Staffing Improvement Efforts of MNA Nurses and Healthcare Professionals

  • For decades, the MNA has advocated for safe staffing levels and enforceable patient limits at the local, state, and national level. The impact of how many patients a nurse is assigned at one time is one of the most studied topics in healthcare. Voluminous peer-reviewed evidence shows maintaining a safe patient limit helps protect the quality of patient care, including by reducing avoidable re-admissions.
  • MNA legislation entitled The Workforce Development and Patient Safety Act would examine current nursing practice, including the impact on quality of patient care, the makeup of the current nursing workforce, and future needs of nursing care in the state.
  • Across Massachusetts, MNA nurses and healthcare professionals work together as union members to negotiate improved staffing levels, wages, benefits and working conditions. These are key to recruitment and retention of caregivers.

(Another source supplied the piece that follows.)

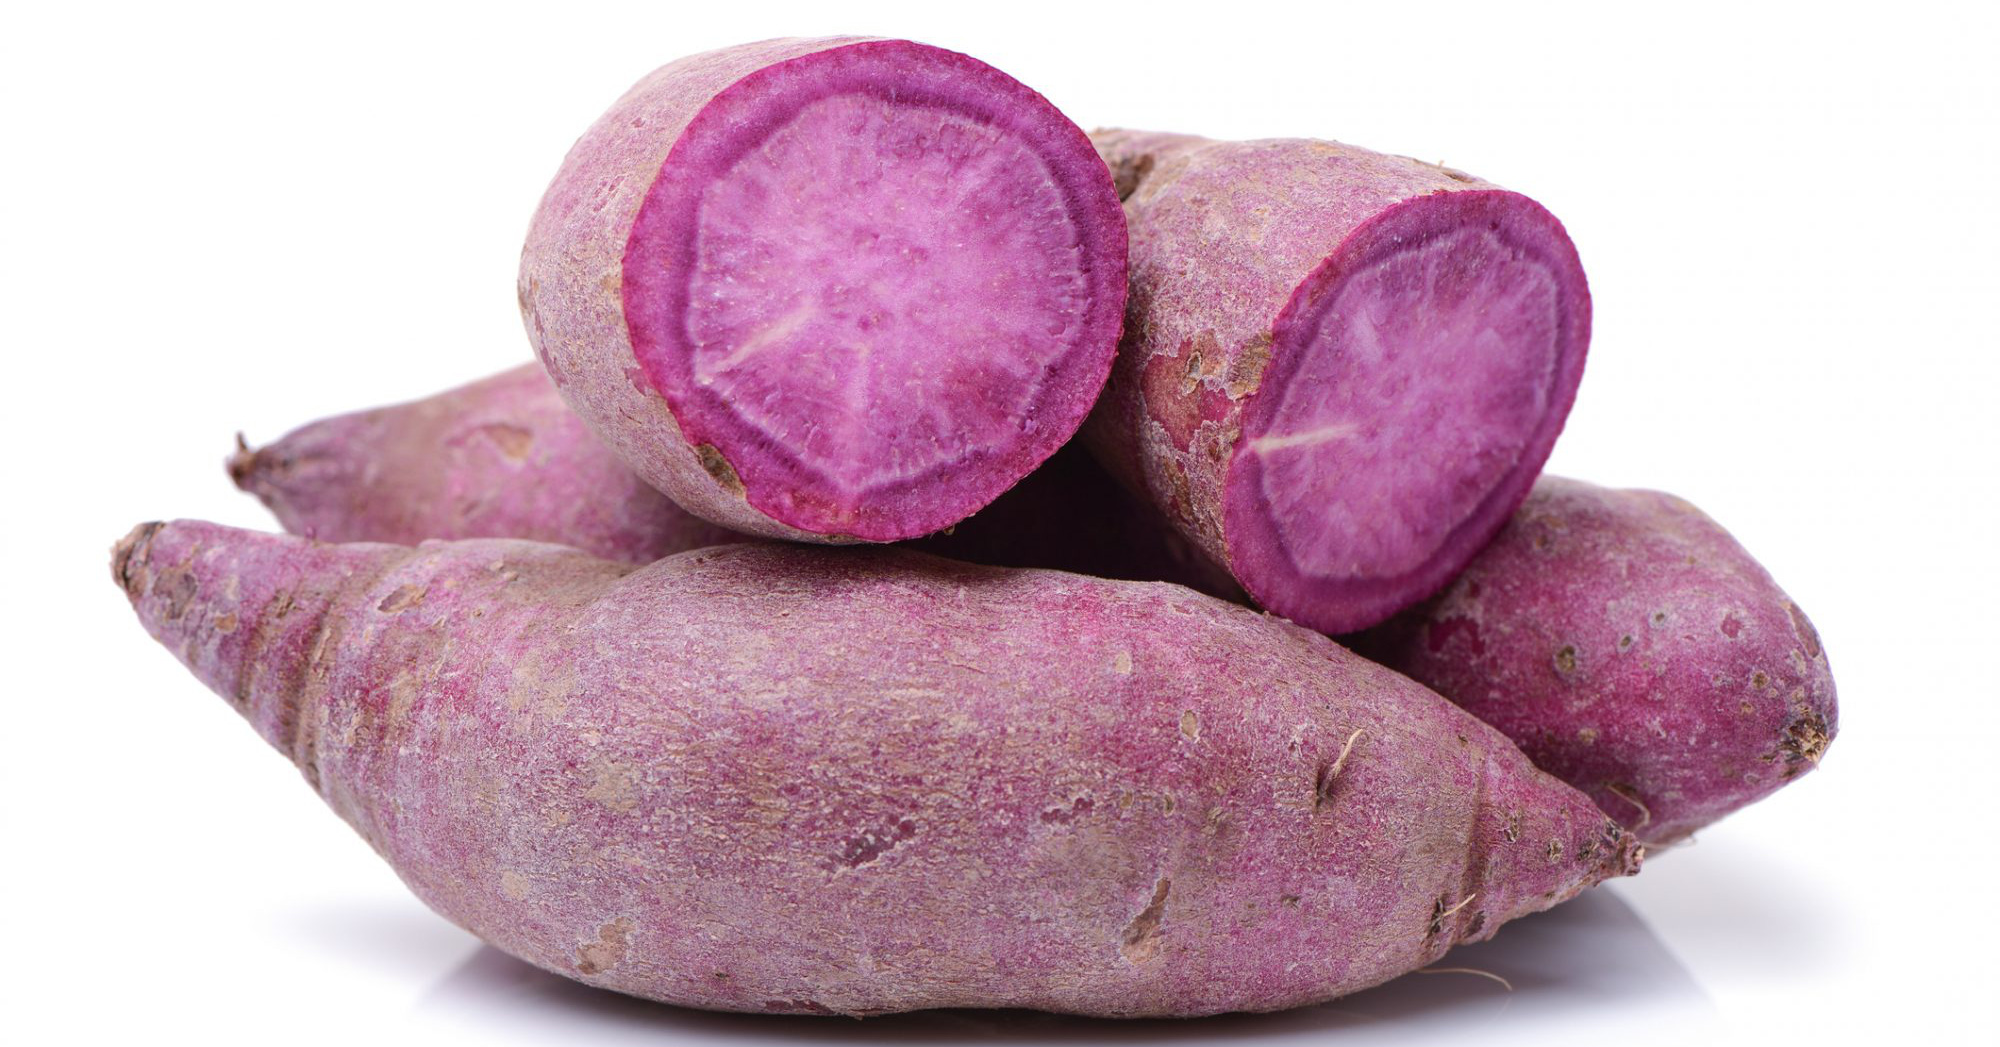 Which sweet potato helps fight cancer and aging?

Highlighted MNA Solutions Regarding Mental Healthcare

  1. The Commonwealth should designate an agency or department to collect comprehensive information on all aspects of mental healthcare.
  2. The Commonwealth should streamline overlapping responsibilities of Departments of Public Health, Department of Mental Health and the Department of Children and Families to facilitate agency accountability.
  3. To ensure that profitability is not the only factor in maintaining essential health services, the state should have the legal power to mandate the establishment or maintenance of “essential health services.”
  4. Improve and expand access to a 24/7 centralized bed search tool to find appropriate placement quickly.
  5. Require parity for mental health reimbursement rates. **A bill passed by the legislature last summer takes steps to address MNA solutions 4 and 5, though it has yet to be implemented.
  6. Establish criteria for distance traveled to access “essential health services.”
  7. Establish Intensive Stabilization and Treatment Units within the state system for highly assaultive patients who board longer due to a lack of available placement.
  8. Establish an ED Diversion program for high acuity, dual diagnosis patients to decrease boarding and provide appropriate care while waiting for permanent placement. 
  9. The state should require comprehensive workplace violence prevention programs at all healthcare facilities.
  10. Promulgate regulations requiring staffing levels and the removal of other procedural barriers preventing transfers and admissions on weekends.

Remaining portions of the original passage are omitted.